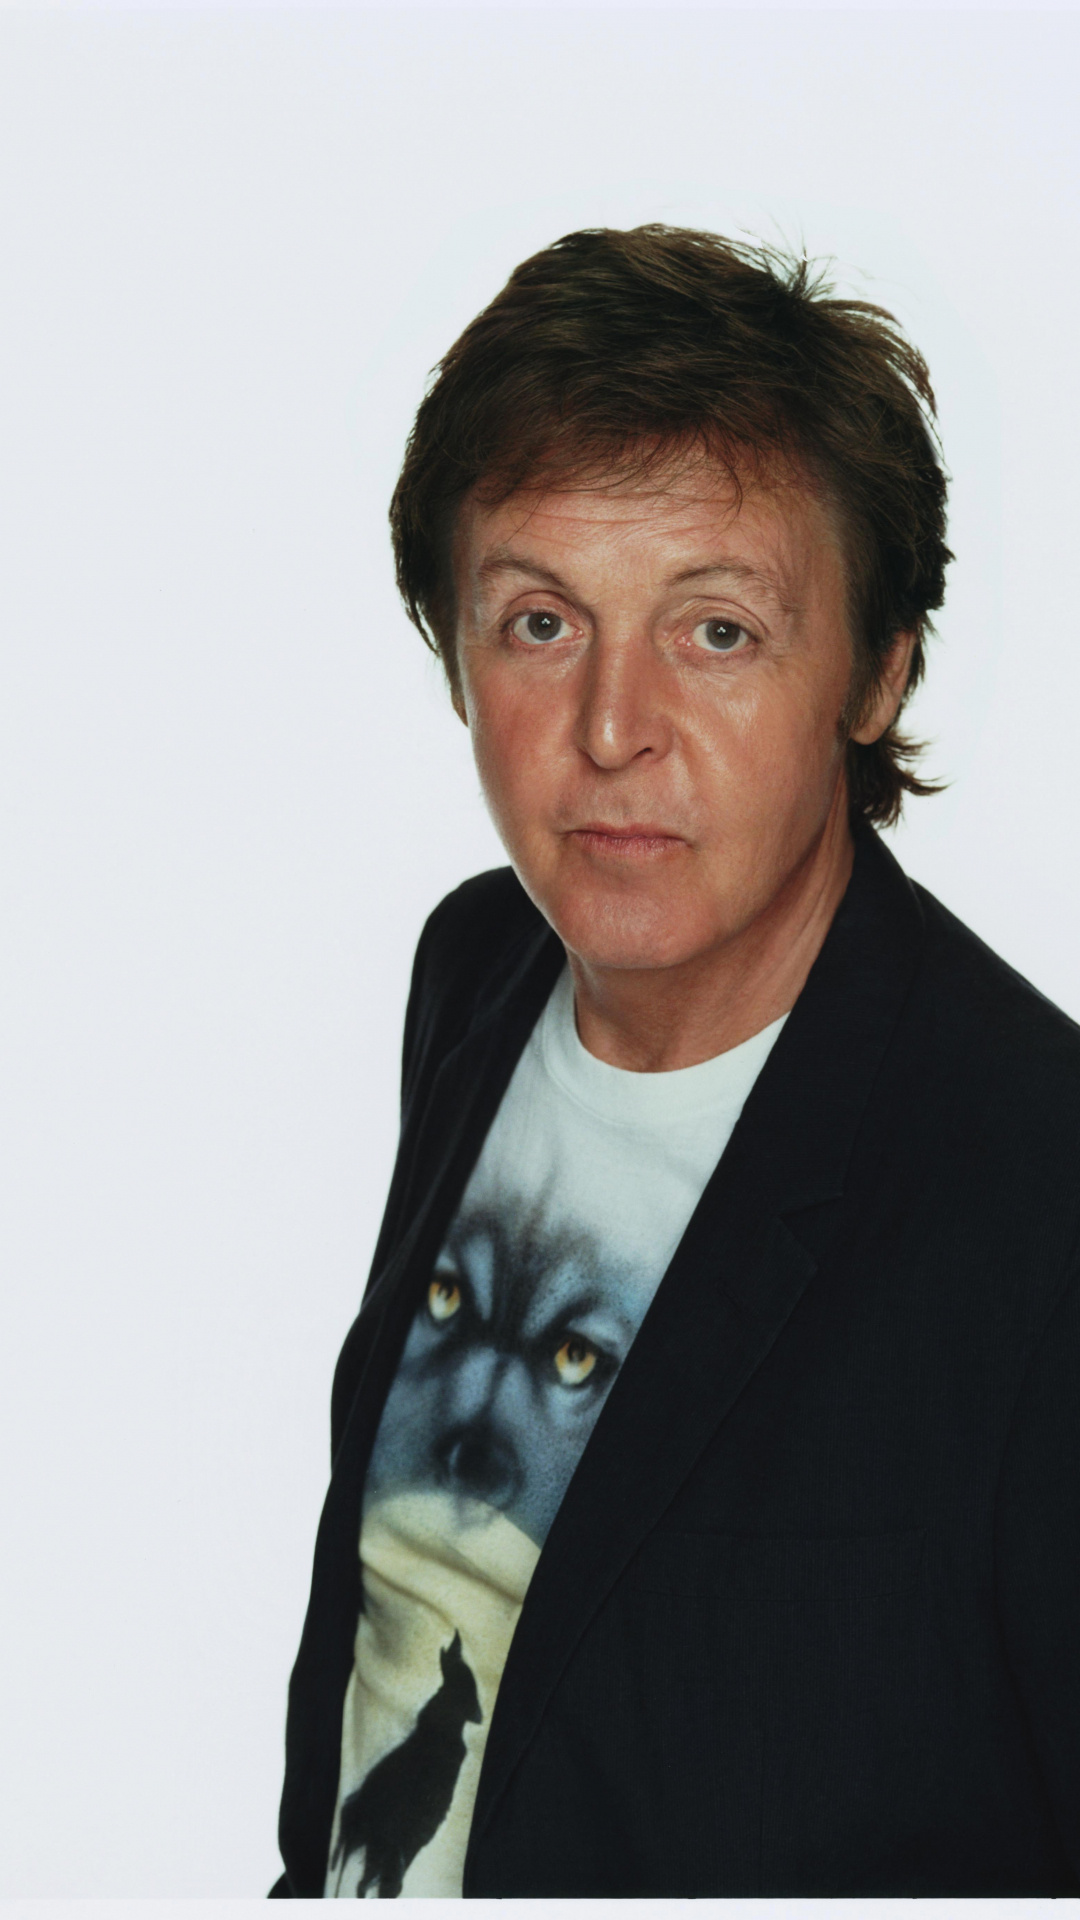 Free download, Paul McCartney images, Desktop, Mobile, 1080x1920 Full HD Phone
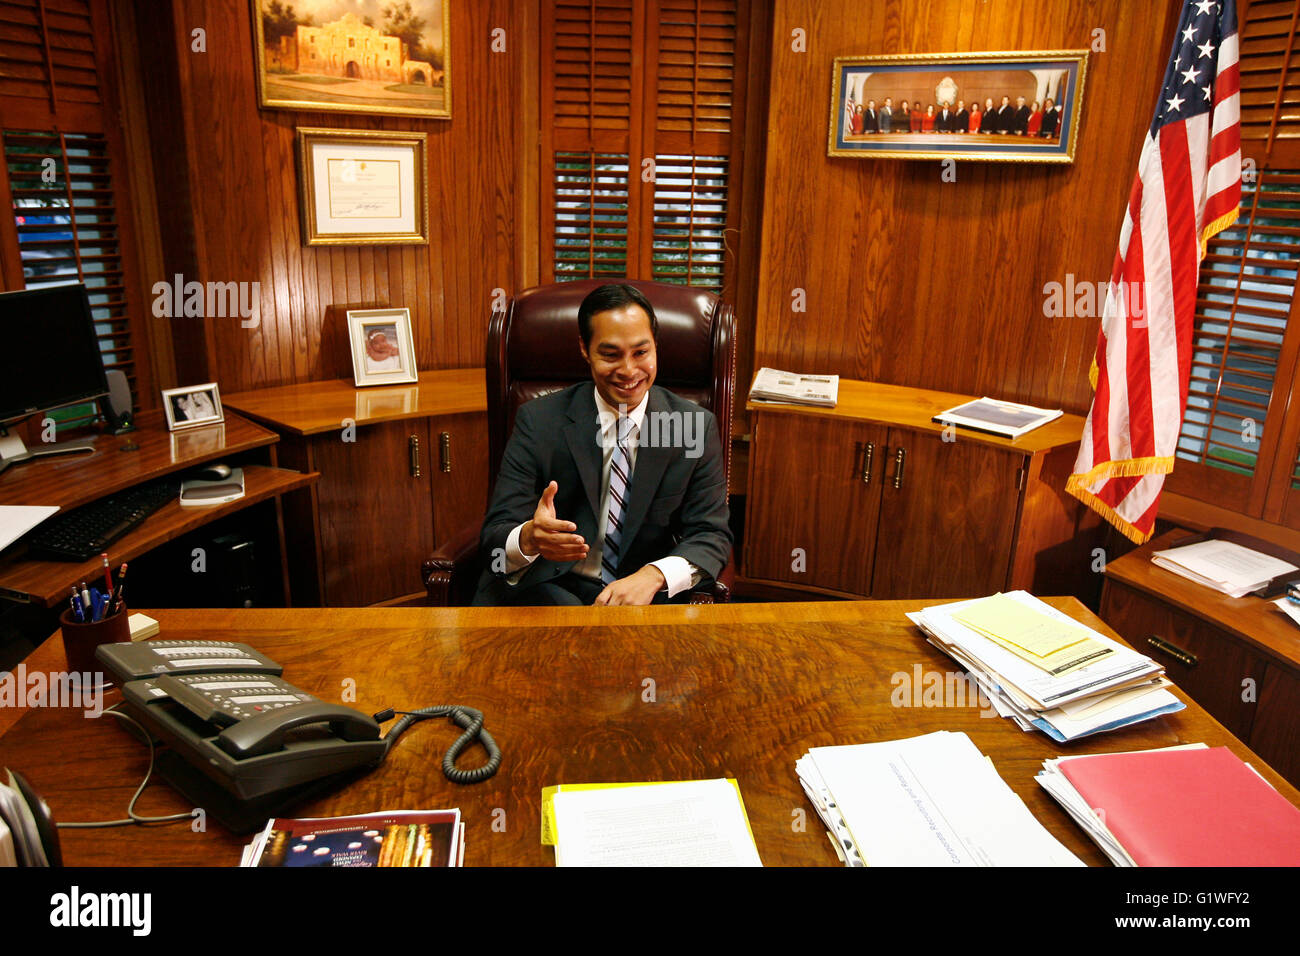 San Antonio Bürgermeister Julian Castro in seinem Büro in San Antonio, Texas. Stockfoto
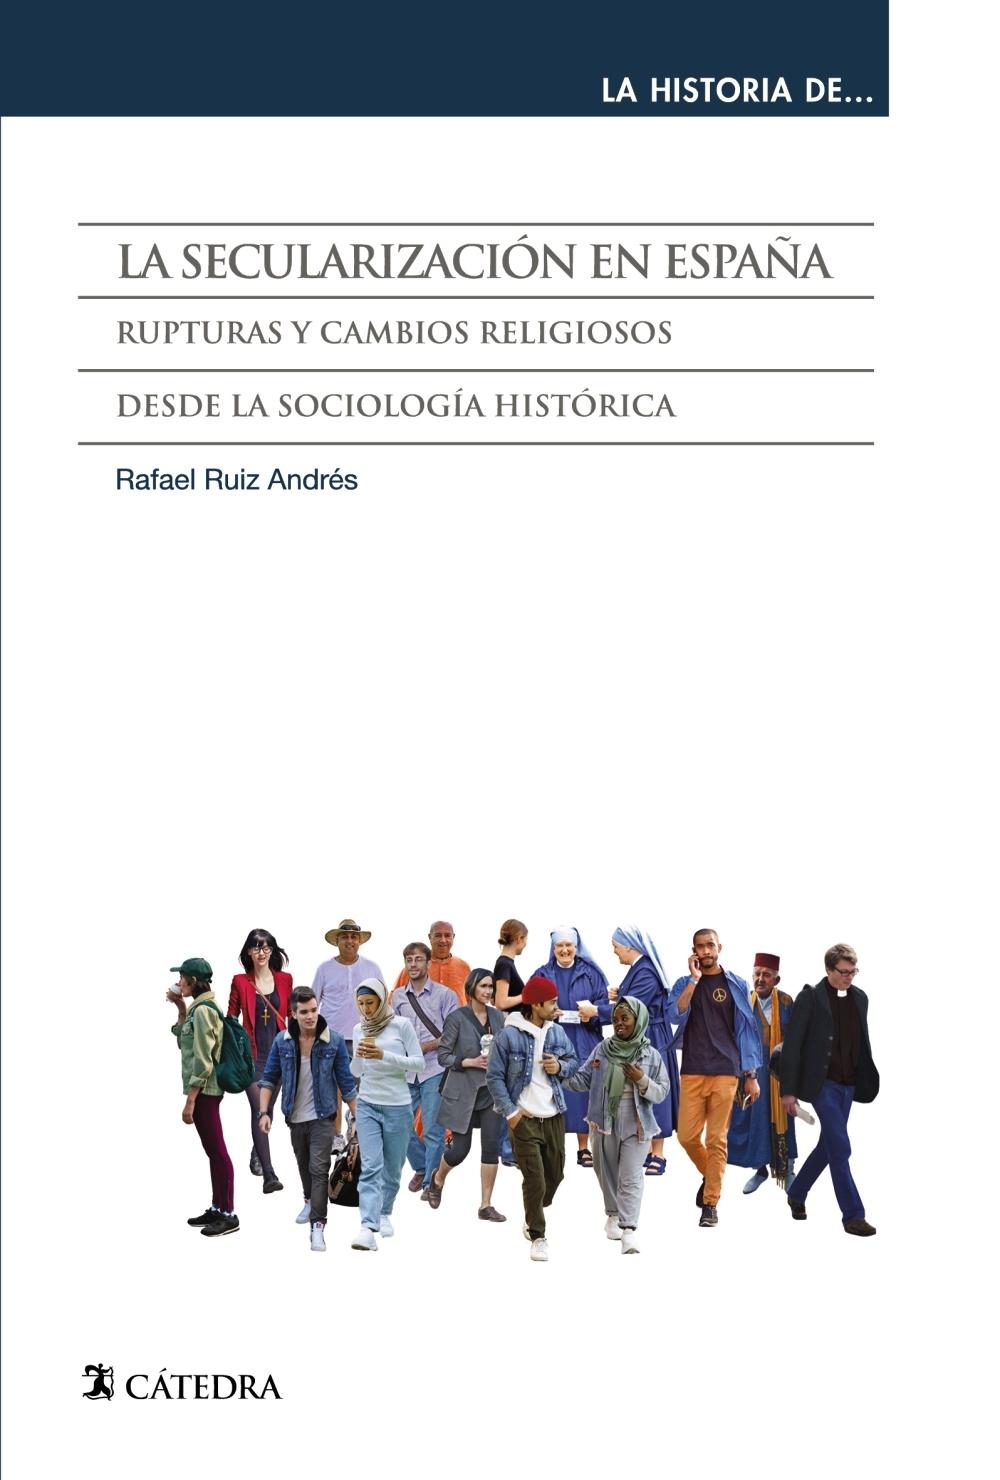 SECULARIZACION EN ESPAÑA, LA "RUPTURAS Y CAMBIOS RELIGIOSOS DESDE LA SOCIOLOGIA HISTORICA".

## What to work on
Omit the pictures, and quote the material above exactly as given.

## Answer section
 Free download, Paul McCartney images, Desktop, Mobile, 1080x1920 Full HD Phone
 San Antonio Bürgermeister Julian Castro in seinem Büro in San Antonio, Texas. Stockfoto
 SECULARIZACION EN ESPAÑA, LA "RUPTURAS Y CAMBIOS RELIGIOSOS DESDE LA SOCIOLOGIA HISTORICA".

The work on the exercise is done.